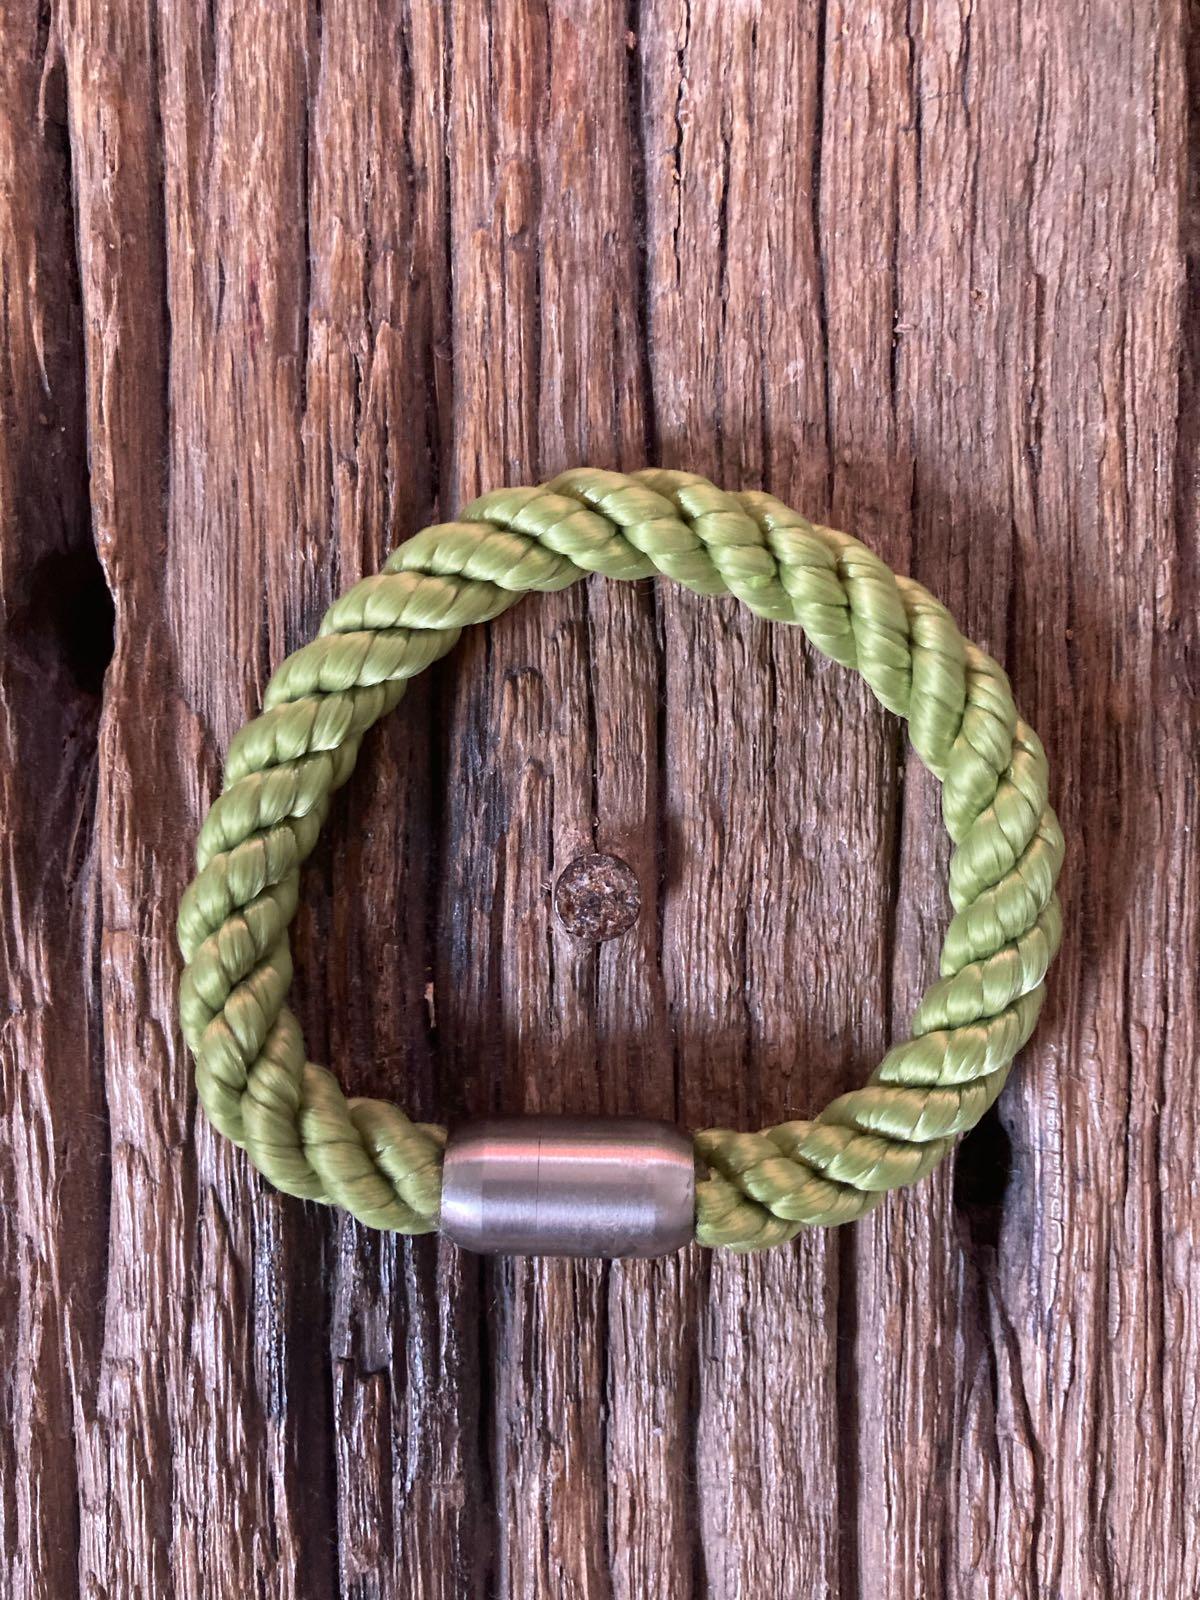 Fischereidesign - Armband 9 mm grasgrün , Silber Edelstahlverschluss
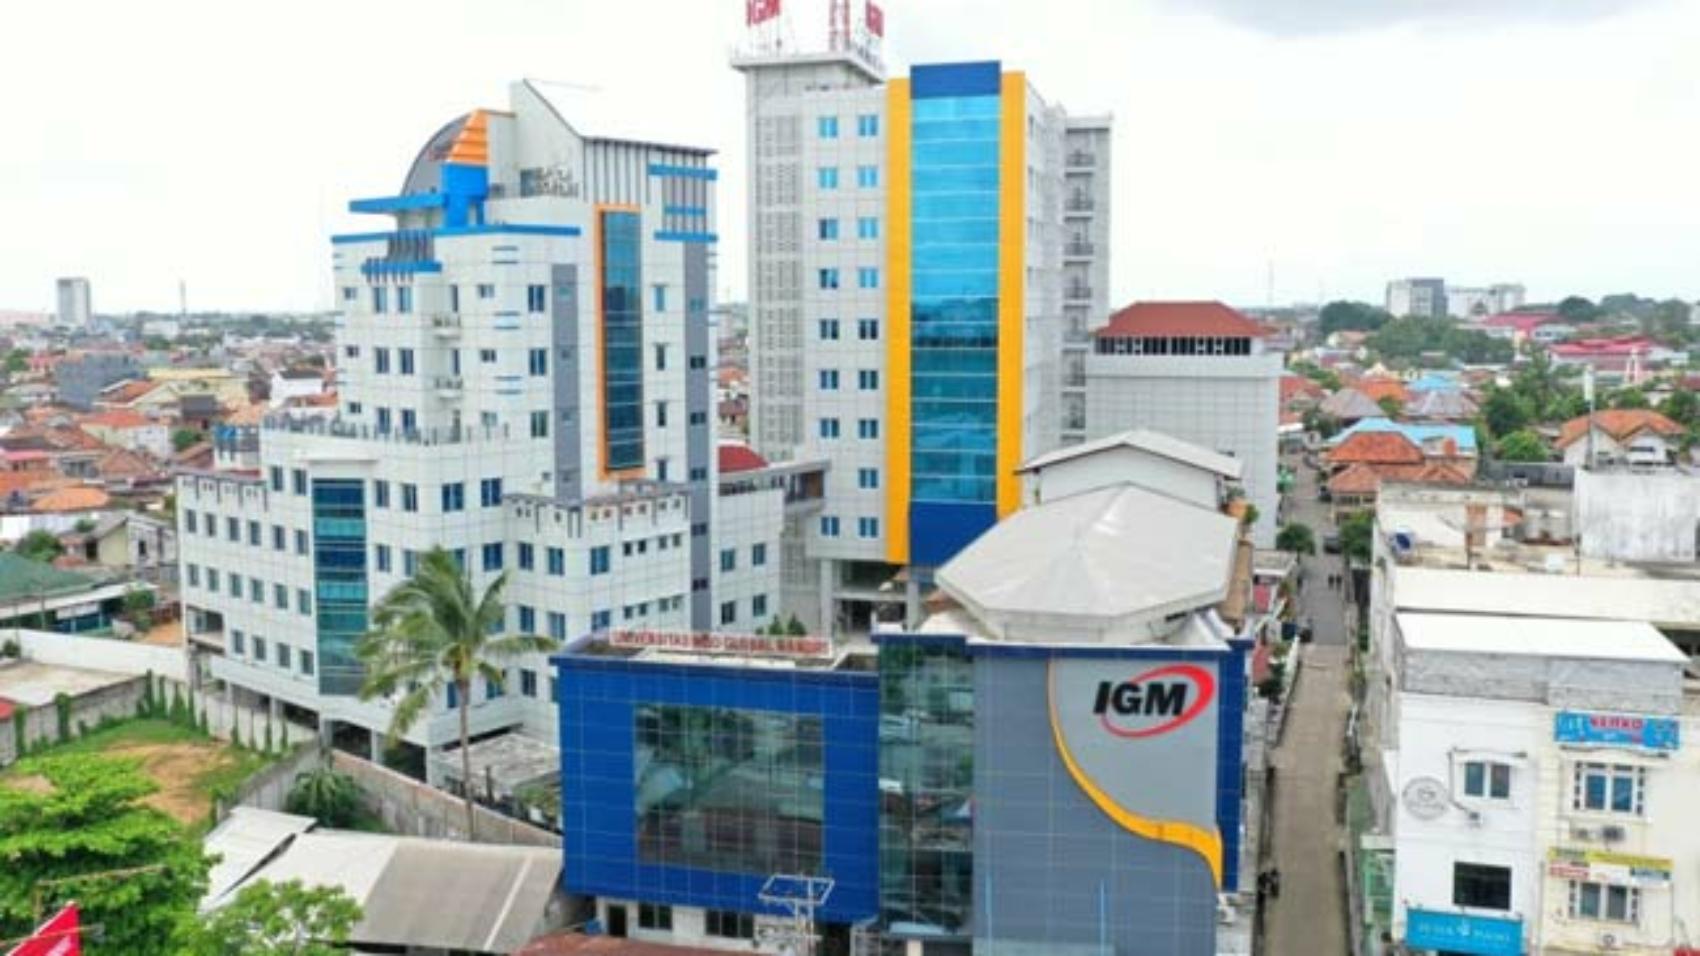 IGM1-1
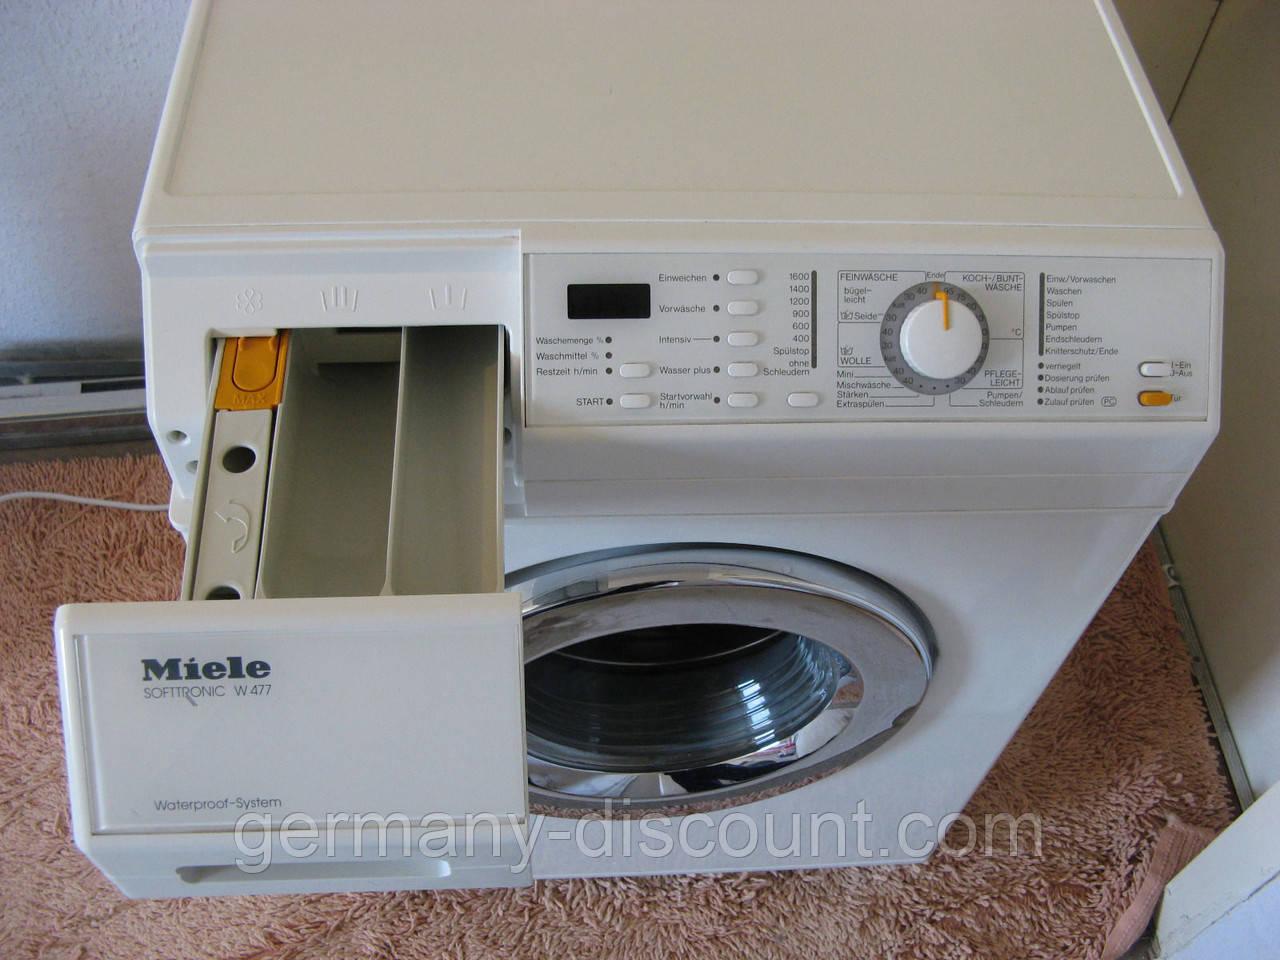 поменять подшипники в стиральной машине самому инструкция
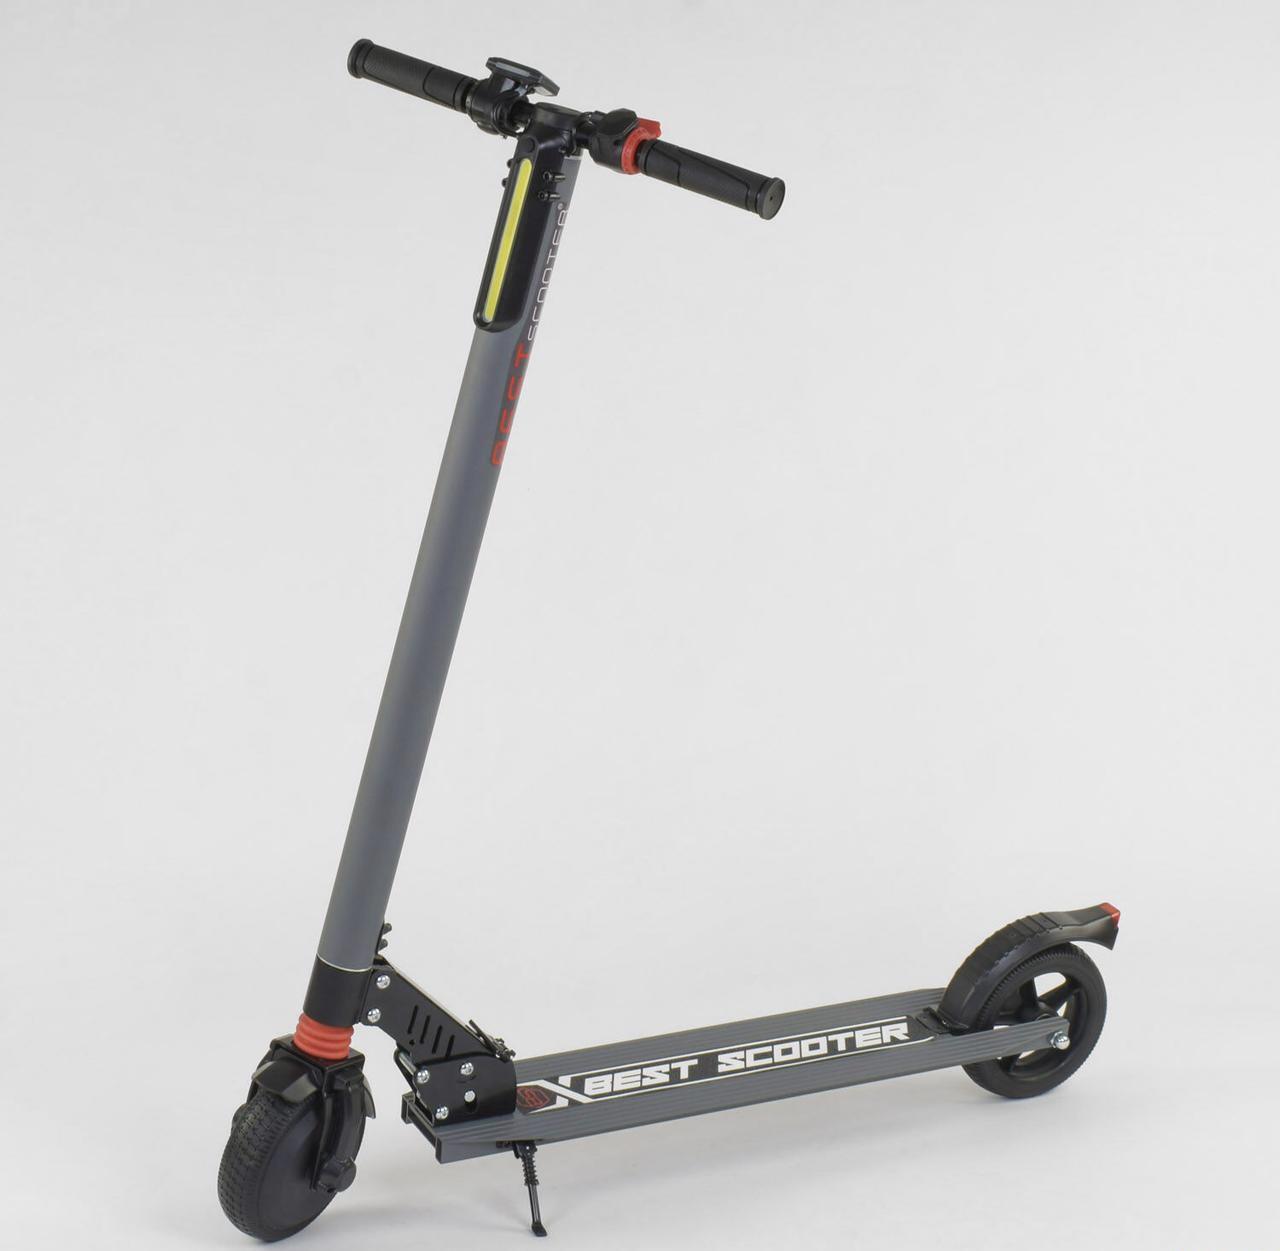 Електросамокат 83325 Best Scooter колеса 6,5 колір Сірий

EXERCISE DESCRIPTION -
The listing above is to be set down word for word, without its images.

RESULT OF THE TASK -
 Fischereidesign - Armband 9 mm grasgrün , Silber Edelstahlverschluss
 IGM1-1
 поменять подшипники в стиральной машине самому инструкция
 Електросамокат 83325 Best Scooter колеса 6,5 колір Сірий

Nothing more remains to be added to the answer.